The series of hawkish remarks continue with a new message in the press release as well. “Looking ahead, strengthening monetary policy transmission is also an important factor of achieving price stability. For this reason, the central bank will use the instruments to absorb interbank forint liquidity on a long-term basis in the coming period”. This means, that monetary tightening via the liquidity channel remains intact as well.
Weighing all important messages and steps by the National Bank of Hungary at its May rate setting meeting, our bottom line is that this was a strongly hawkish-flavoured rate cut.
How will the easing cycle be shaped?
According to our expectations, the central bank – if everything goes according to plan – will merge the base rate and the effective rate at 13% at its September rate-setting meeting. This would mean a series of 'copy-paste' decisions based on the May moves. In accordance with this merging, the interest rate corridor with a width of 300 basis points that existed before mid-October will also be restored.
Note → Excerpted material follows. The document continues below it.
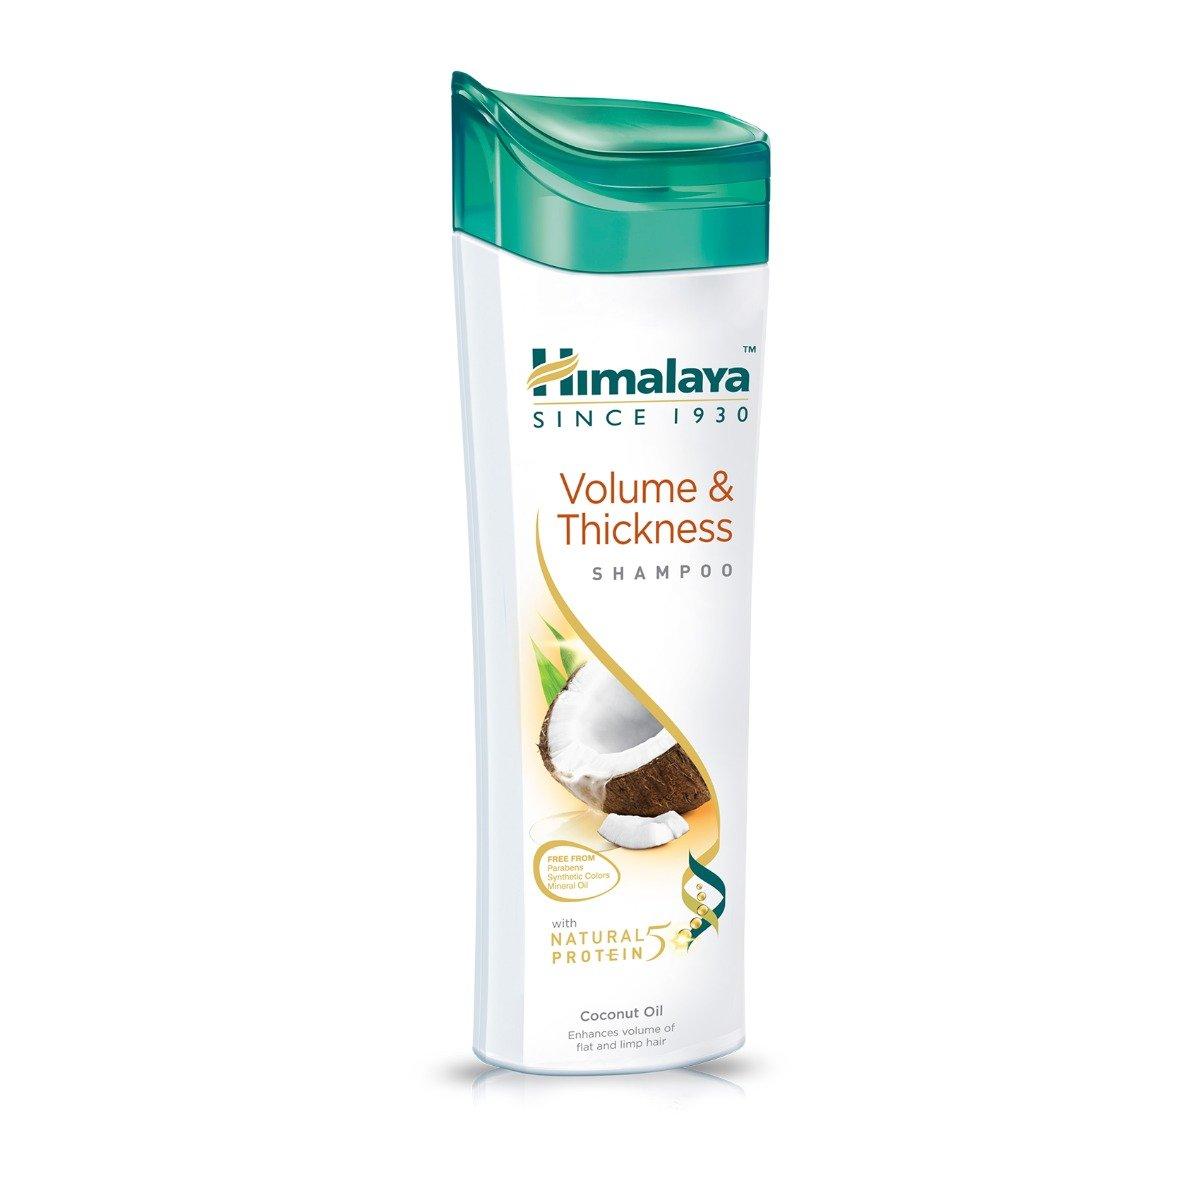 Sampon Himalaya Volume & Thickness, 200 ml imagine

This would translate into an interest rate corridor with the repo rate at 15.5% and the depo rate at 12.5%.
Looking further down the road, before the first cut to the base rate (which we see in December 2023), we give a significant chance to have another indicative or symbolic decision, which will precede the actual base rate cut: making the interest rate corridor symmetrical again around the base rate a month before the cut to the base rate.
Our market views
After the end of the press conference, we found the IRS curve significantly lower especially at the short end resulting in a significant bull steepening. The steeper and lower curve has been our view since Deputy Governor Virág's interview in mid-April when the start of monetary policy normalisation was signalled, and we believe this will be the story for the months ahead. We will see the dust settling in the coming days and the release of inflation in two weeks should confirm the NBH's commitment to continued normalisation, as lowering inflation will help to preserve or improve financial market stability. Looking at 2-10y spreads across the region, we see that Hungary still has a large gap to close. Moreover, at the long end of the curve rates are facing upward pressures from the current wave of global hawkishness.
On the Hungarian government bond (HGBs) side, although the fiscal side poses some risks, as in the rest of the CEE region, the funding seems fully under the control of the debt agency. The increased issuance of HGBs in recent weeks has almost closed the gap between Hungary and the CEE region, covering about 41% of the planned issuance. Together with retail and FX issuance, we thus estimate that the agency has secured roughly 57% of this year's total needs. This, in our view, will thus allow HGBs to rally further when pressure from core rates eases.
The Hungarian forint remains unsurprisingly on the weaker side after the NBH press conference, but remained close to earlier levels, suggesting that the market is satisfied with the pace of monetary policy normalisation. The EUR/HUF level will thus continue to allow the central bank to continue in this direction. We continue to see a working framework for the coming weeks in the 370-380 EUR/HUF range and believe that the market will use the current weaker levels as a new entry point to build positions in the forint to benefit from still very attractive carry. Moreover, given the rather pessimistic market expectations, we see potential upside risks on the EU funds side of the story. Overall, we thus expect EUR/HUF to move rather below 375 EUR/HUF and if we see positive surprises, we may even return to 370 but we see a more significant move below this level only later this year.